The night continues with poems written by the school children in the family. Yuan-chun is thrilled that her beloved baby brother Bao-yu has become a skilled poet. Dai-yu is put out that her poetry skills aren’t put to better use and composes a poem for Bao-yu when his sister’s requests overwhelm him. Yuan-chun distributes elaborate gifts to the family, and then she must leave, “unable to prevent a few drops [tears] from falling” (374). Grandmother Jia and Lady Wang mourn her after she goes. 

Chapters 16-18 Analysis

In these chapters, there are more warnings about the consequences of romantic love, and the characters struggle with the inability to express their deepest feelings and find solace in poetry. The dangers of love are clear in the story of the couple whose engagement is called off thanks to the meddling of Xi-feng, who did a favor for her friend, the Prioress Euergesia:

On learning that her affianced had been sent packing, she quietly went off and hanged herself in her scarf. The captain’s son, too, turned out to be a young person of unexpectedly romantic notions, for on hearing that Jing-ge had hanged herself, he promptly threw himself into a river and was drowned (303).

Although these characters aren’t essential to the narrative of the novel, their suffering at the loss of love connects to the warnings of the fairy Disenchantment and other characters, who warn against “romantic notions.” As such, they become yet another symbol of the harsh consequences of love. Similarly, Qin Zhong becomes a symbol of love and its damaging power when he begins a romantic relationship with the little nun Sapientia. The exertion of the romance, coupled with the harsh punishment given by his grandfather when he discovers the romance, lead to Qin Zhong’s illness and eventual death. The untimely death of Bao-yu’s best friend due to romantic engagements is yet another warning for Bao-yu about the hazards of his romantic lifestyle.
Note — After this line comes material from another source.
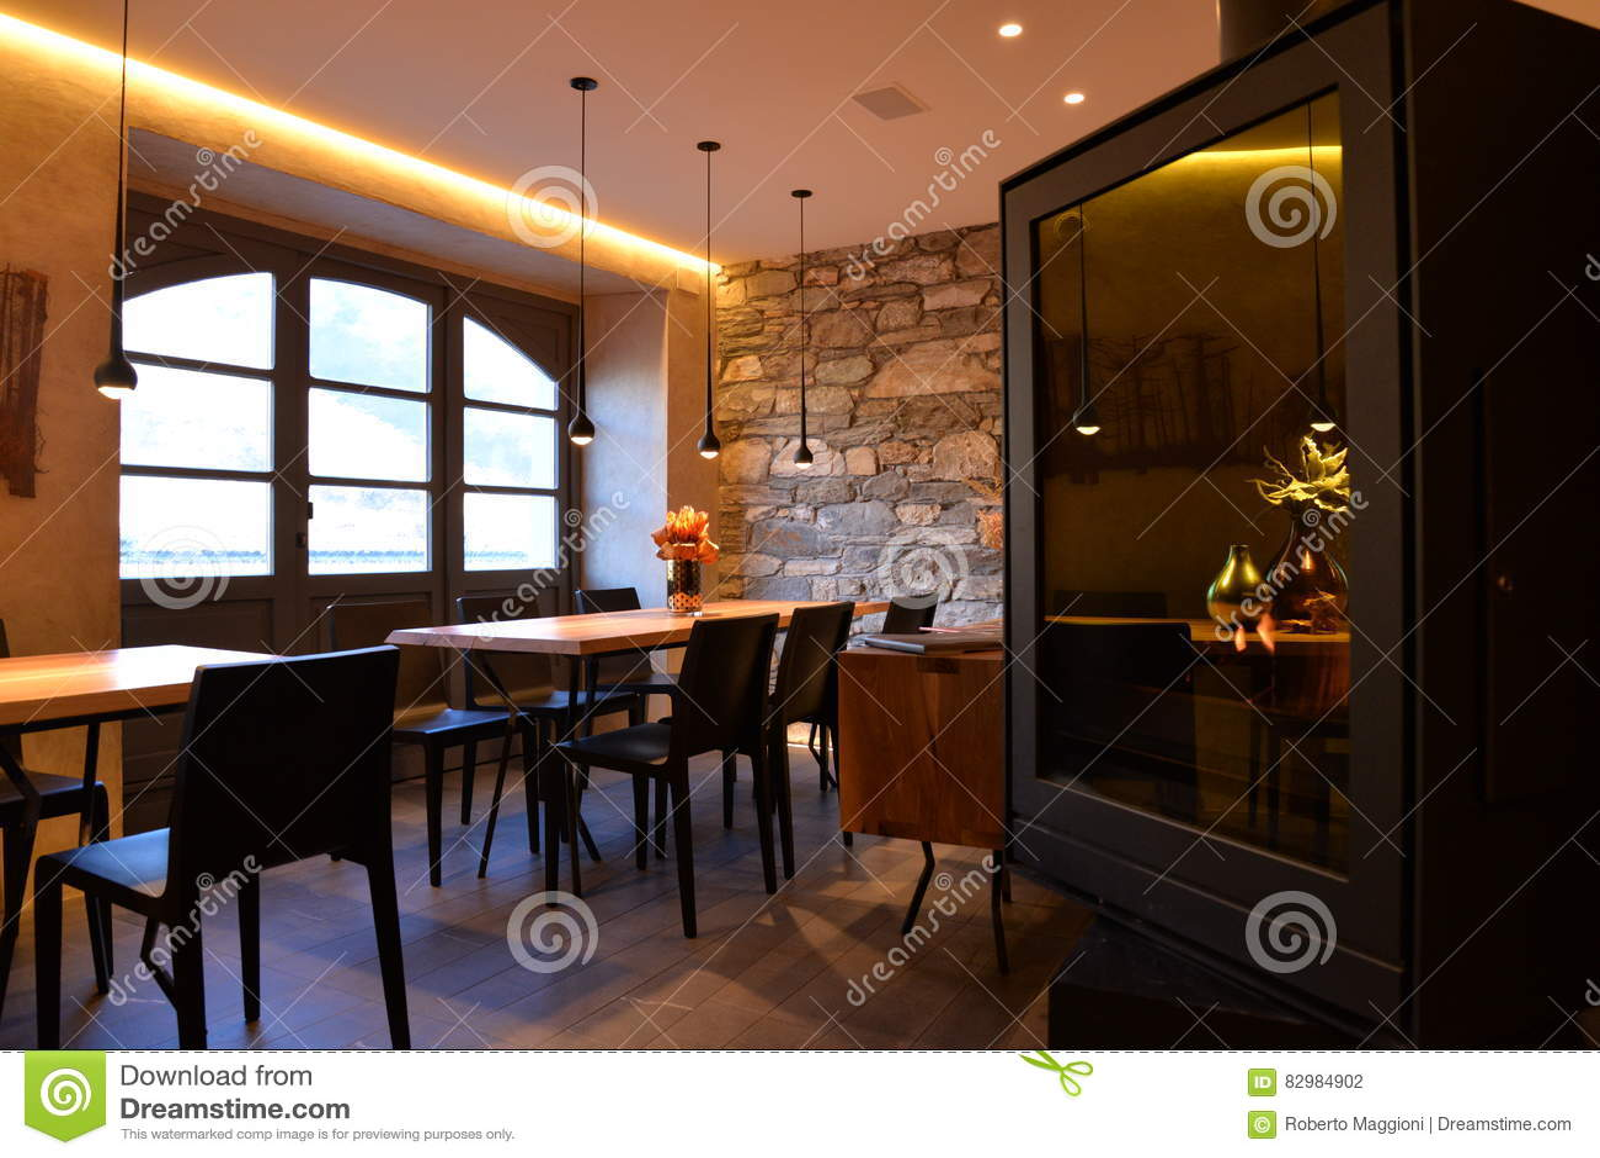 Modern Restaurant Interior Design. Stylish Dining Room Stock Photo ...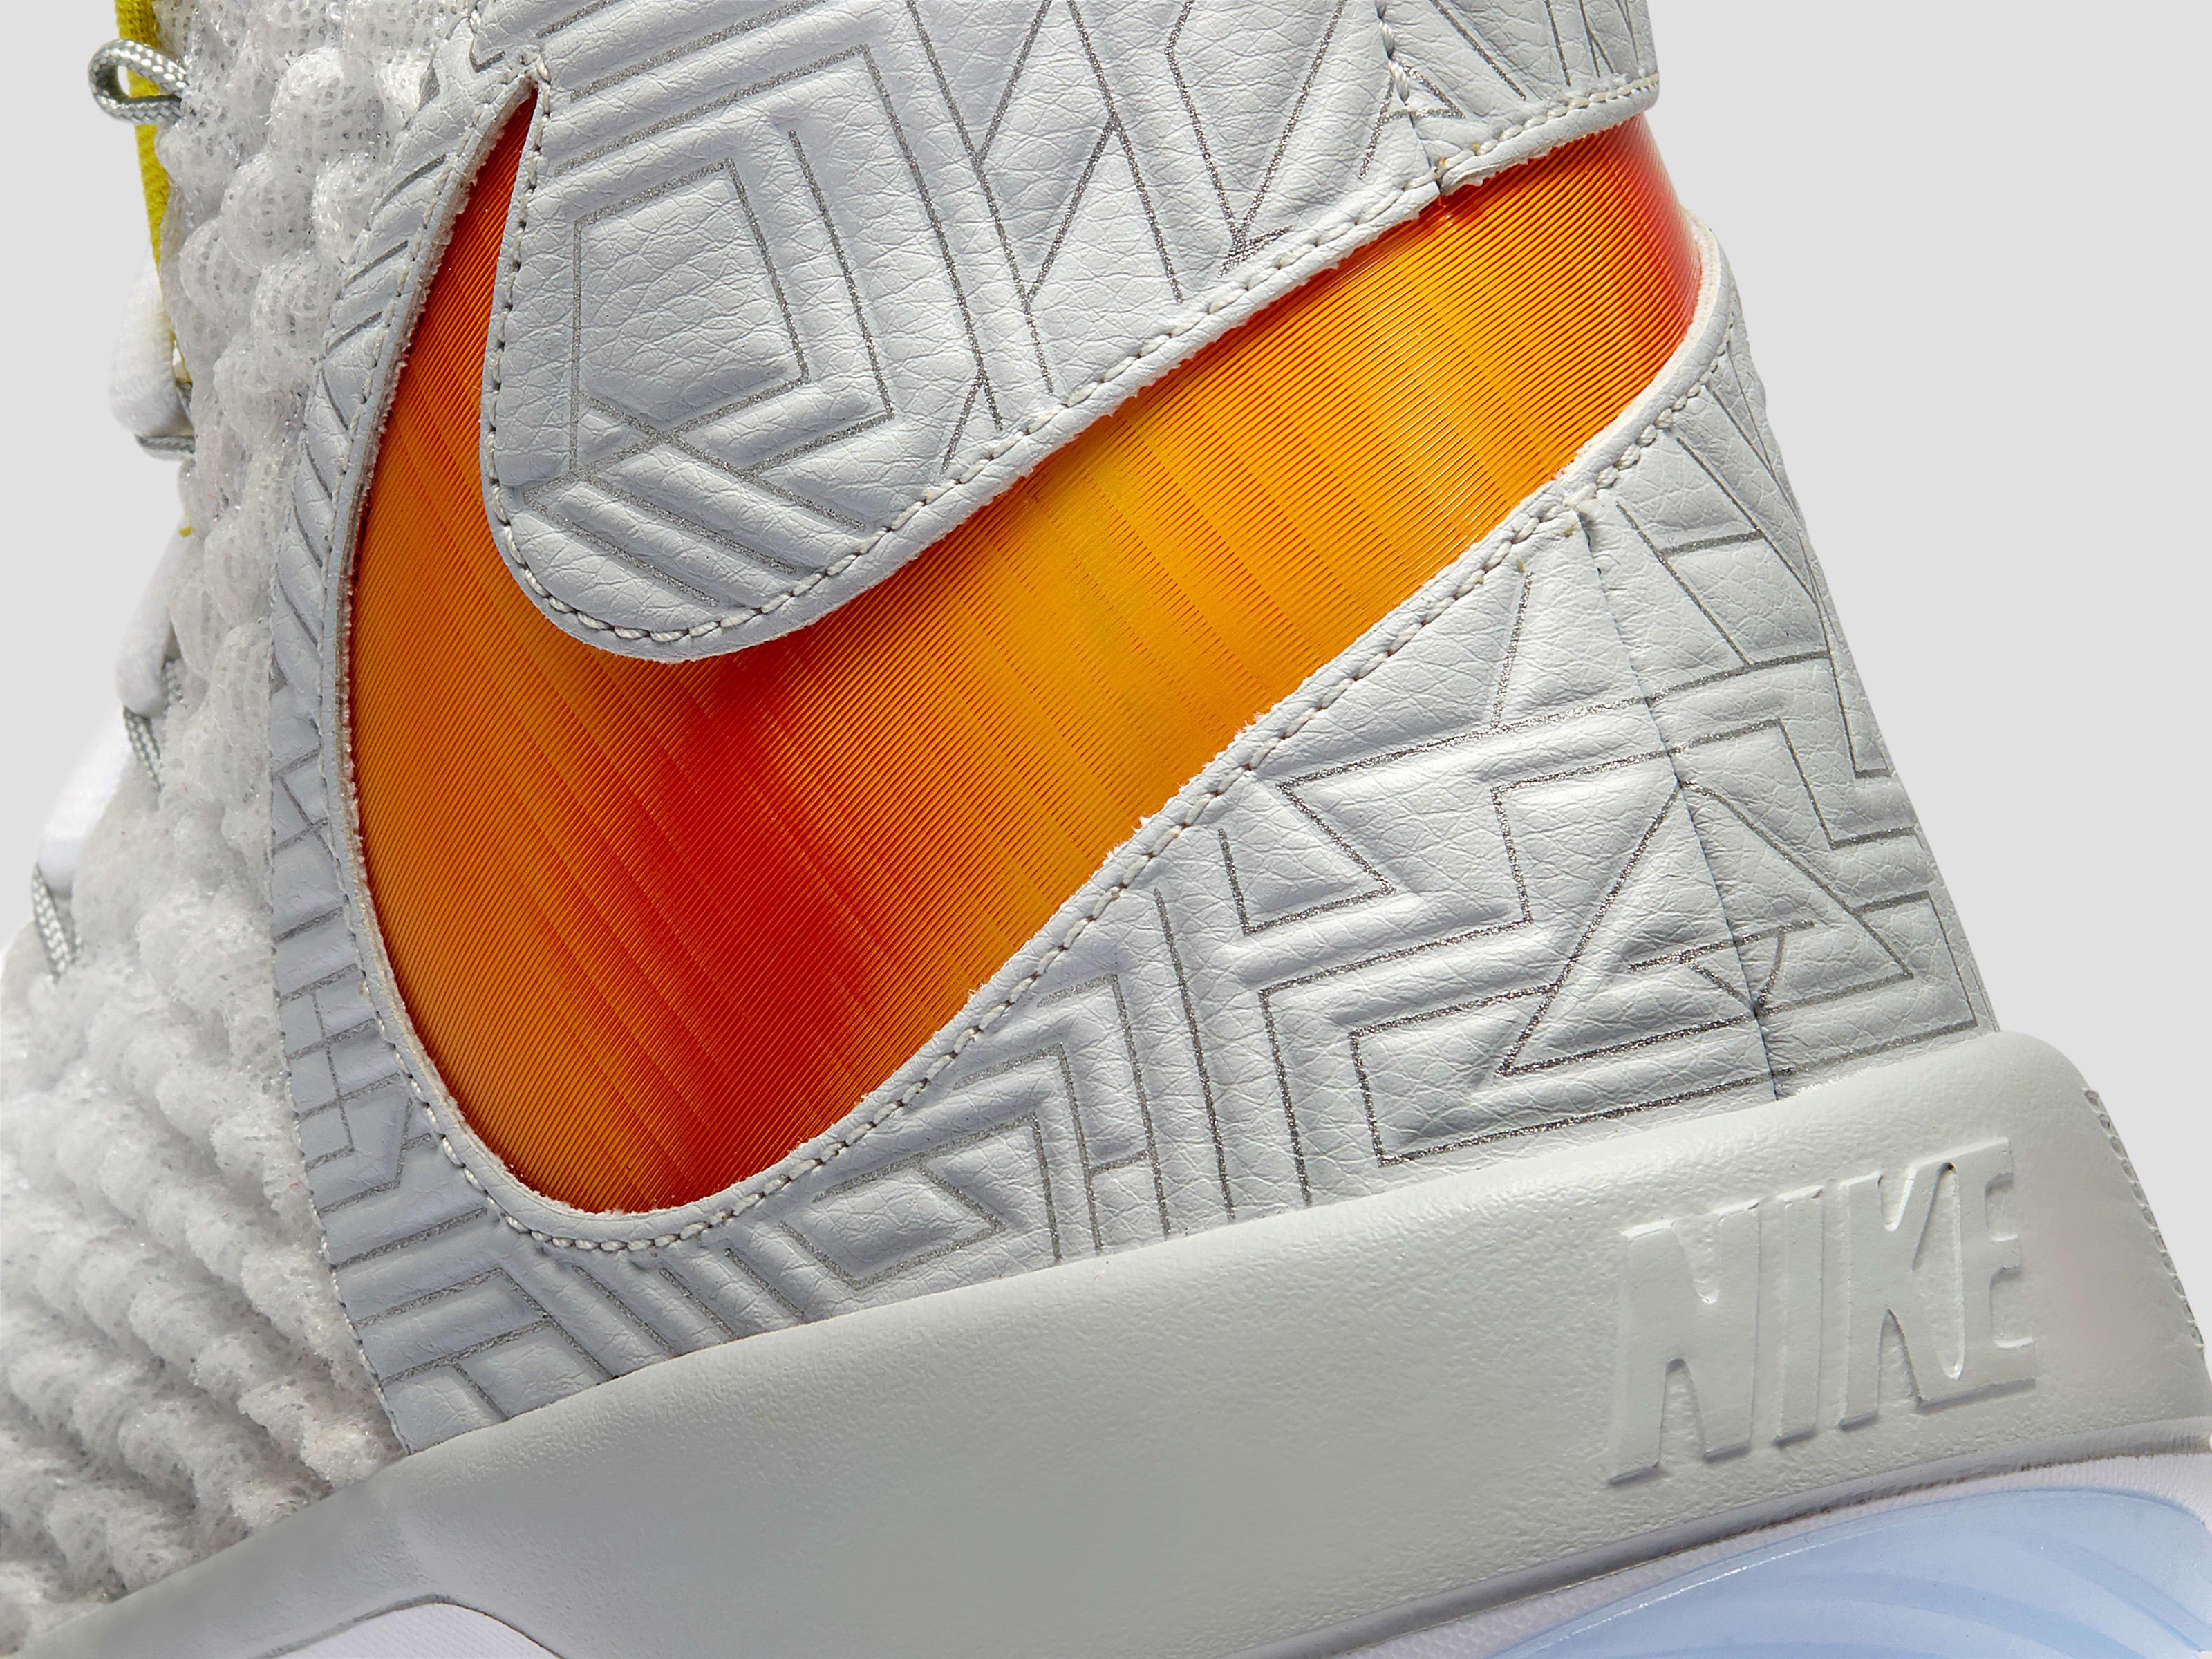 Nike AlphaDunk (Detail)

The strong feelings of the characters in these chapters—due to grief, love, and awe over nature—lead to a reliance on poetry as a mode of expression. The power of poetry becomes a significant theme in the second half of the book to express otherwise un-expressible emotions. This is true when Bao-yu and his father walk through the freshly designed garden, which is so beautiful that no expression seems truly worthy of its splendor. Instead, poems and inscriptions are given to convey the beauty of the place. Later, when Yuan-chun arrives for her visitation, she, her mother, and her grandmother are dumbstruck by their feelings. This inability to convey the heightened feelings of the moment leads to a celebration of verse for all the characters, particularly Bao-yu, whose poetic talents are known around the city. As in the narrative itself, when the narrator breaks into verse to convey particularly precious or significant moments, the characters themselves rely on poetry to say when cannot be said; the pure expression of poetry becomes a vehicle by which the most significant feelings and scenes of the narrative can be expressed.